After a cold night, the gift of clarity: a mote of drifting cattail down visible at 100 yards. A raven croaking on high is echoed by a crow.
Trapped in a tree, two balloons bearing a picture of a basketball and the name of a school west of Pittsburgh rub their Mylar skins together.
Sun through thin clouds—dim as a lizard’s third eye. A red-tailed hawk drifts past without flapping.
Deep blue sky. The distant rumble of a freight train heading west. The one remaining snowbank in the yard looks permanent as marble.
The banks of moss above the road shine bright after last night’s rain. Two chickadees sing their spring songs as snowflakes fill the air.
Dull light through a heavy cloud ceiling. A red-bellied woodpecker and mourning dove take turns calling, first dirge, then ululation.
A Carolina wren yells from the balustrade while his mate rummages around inside the old hornets’ nest.
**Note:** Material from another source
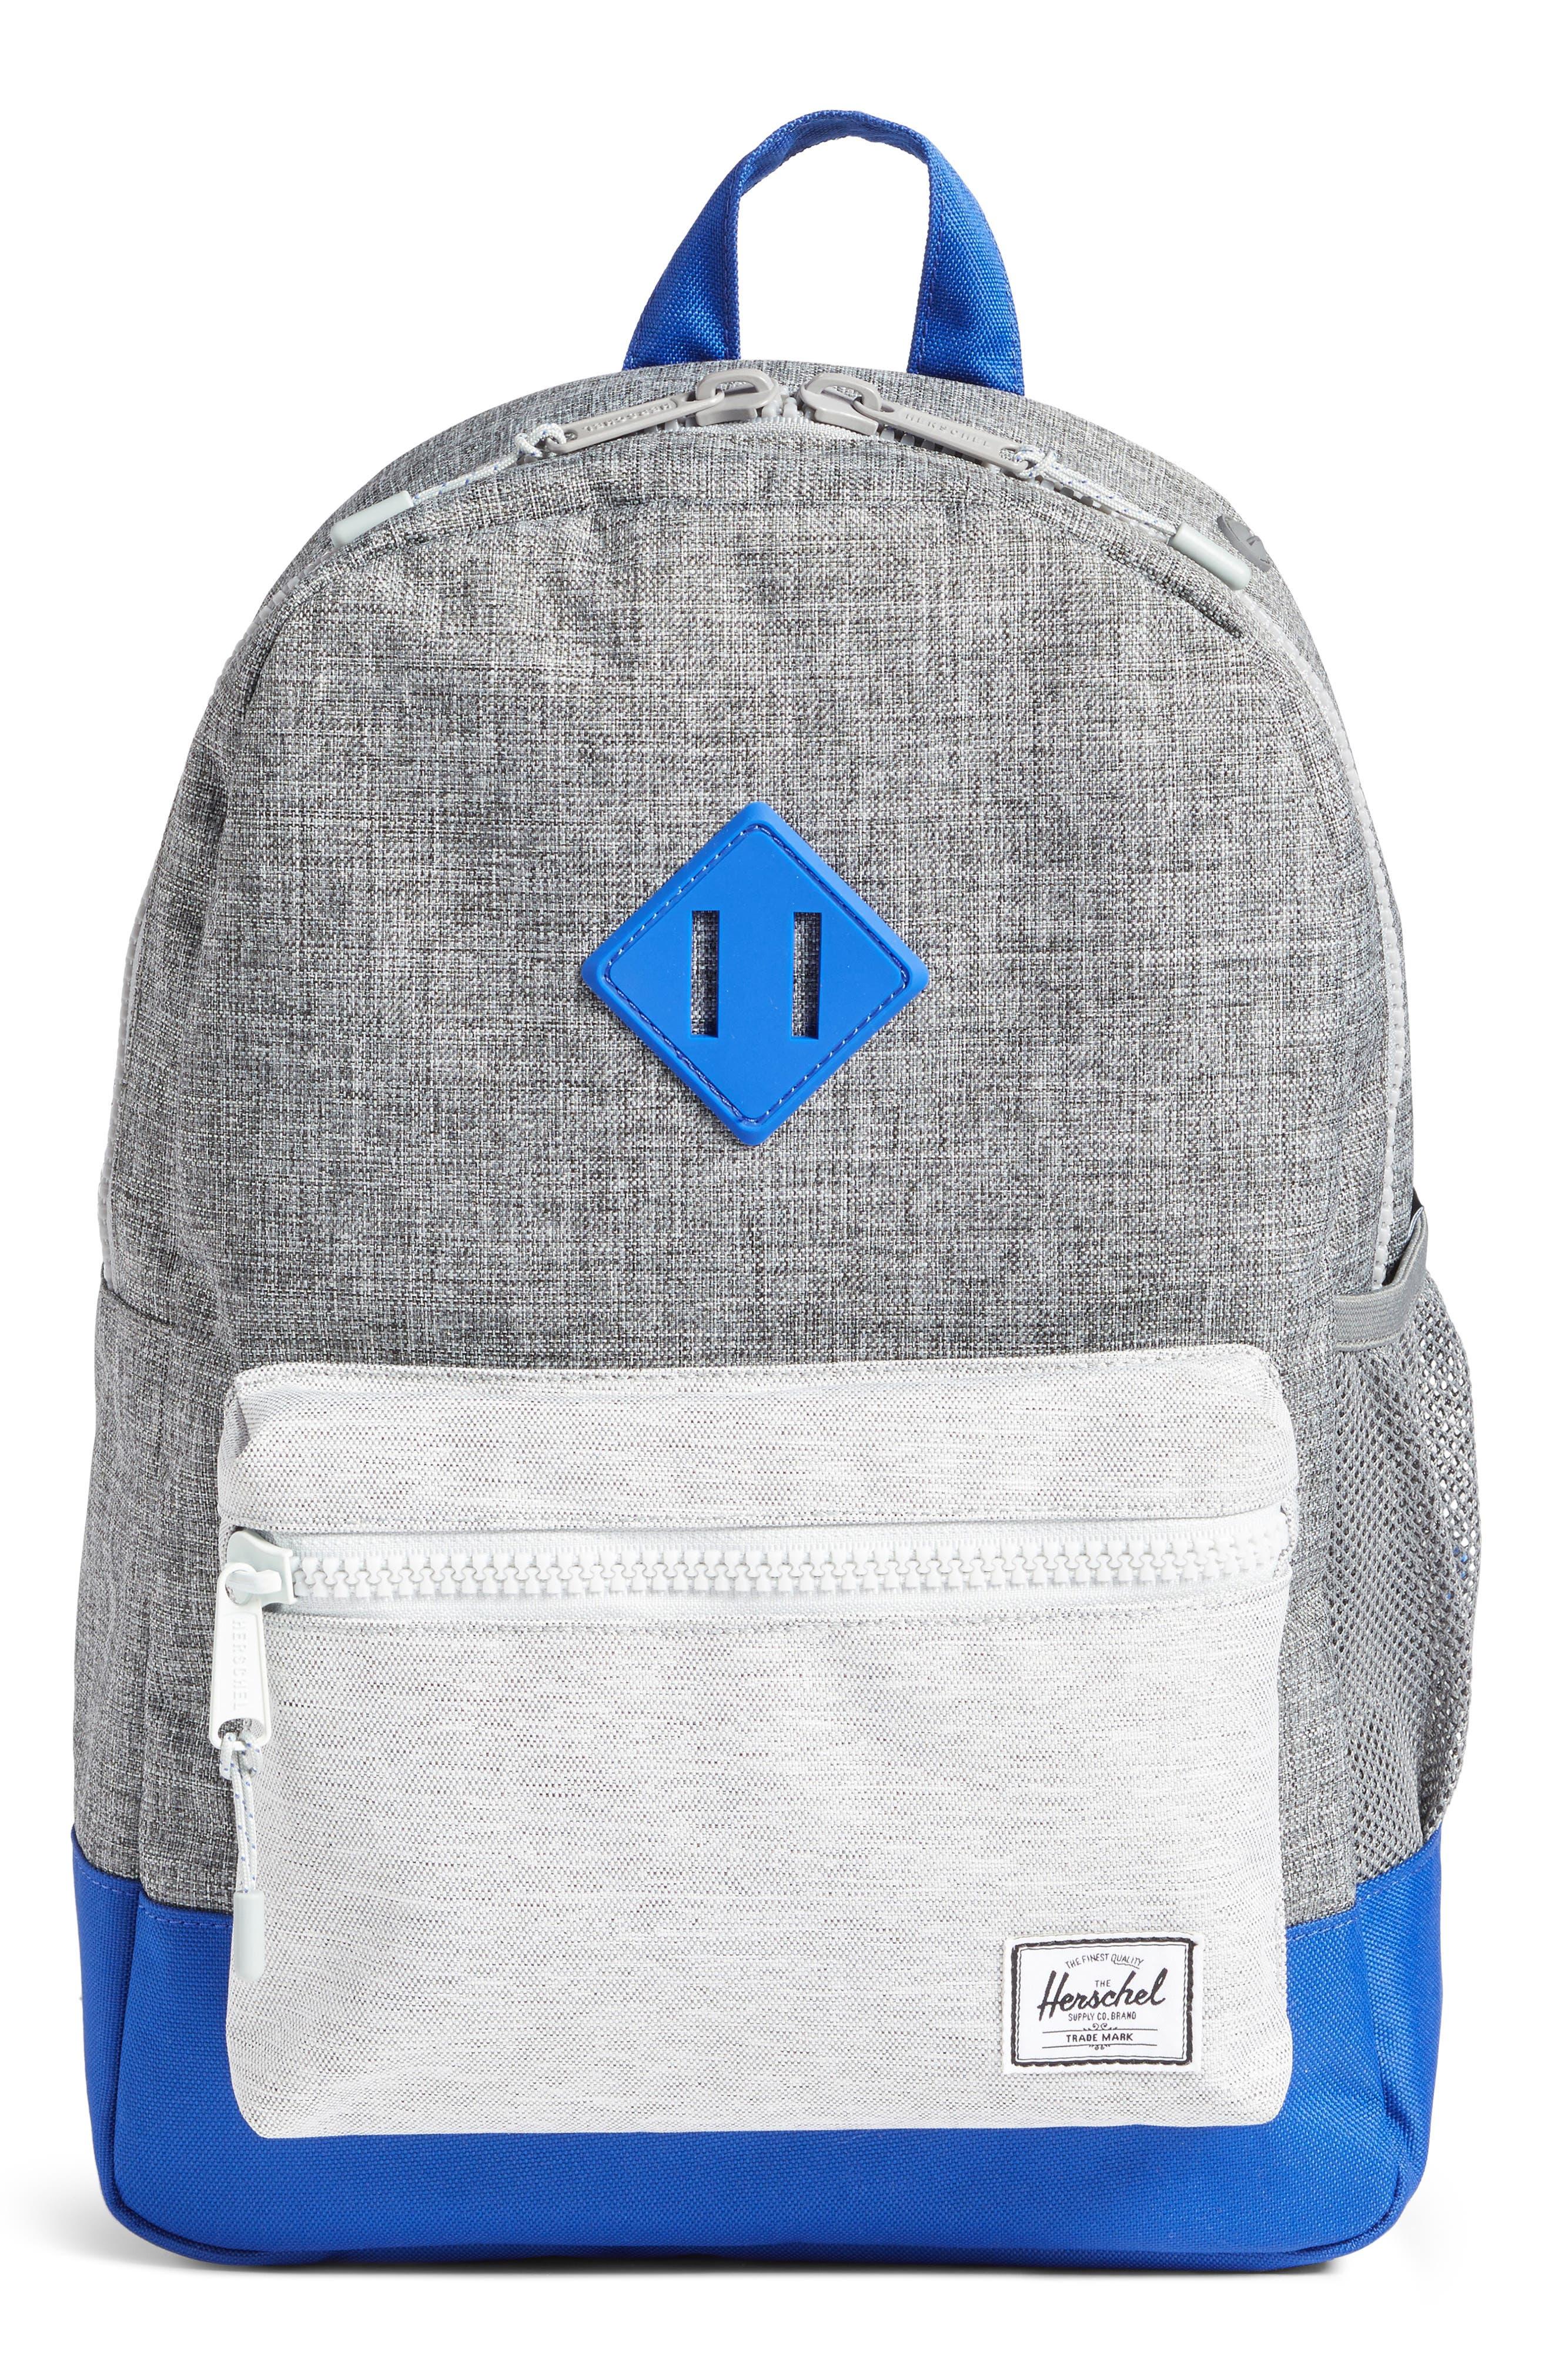 Heritage Colorblocked Backpack,                             Main thumbnail 1, color,                             Raven Crosshatch/ Surf Blue

The sky slowly turns white.
Warm enough for a ladybug to walk at half speed. The distant croak of a raven. A cloud comes over the ridge, towing its shadow.
Not as cold today—nor as loud, the main pulse of meltwater having passed. I watch a pair of amorous nuthatches flit from tree to tree.
Clear and cool. Snow is mostly gone from the hillside, but the newly uncovered leaf duff is still damp and flattened, shining in the sun.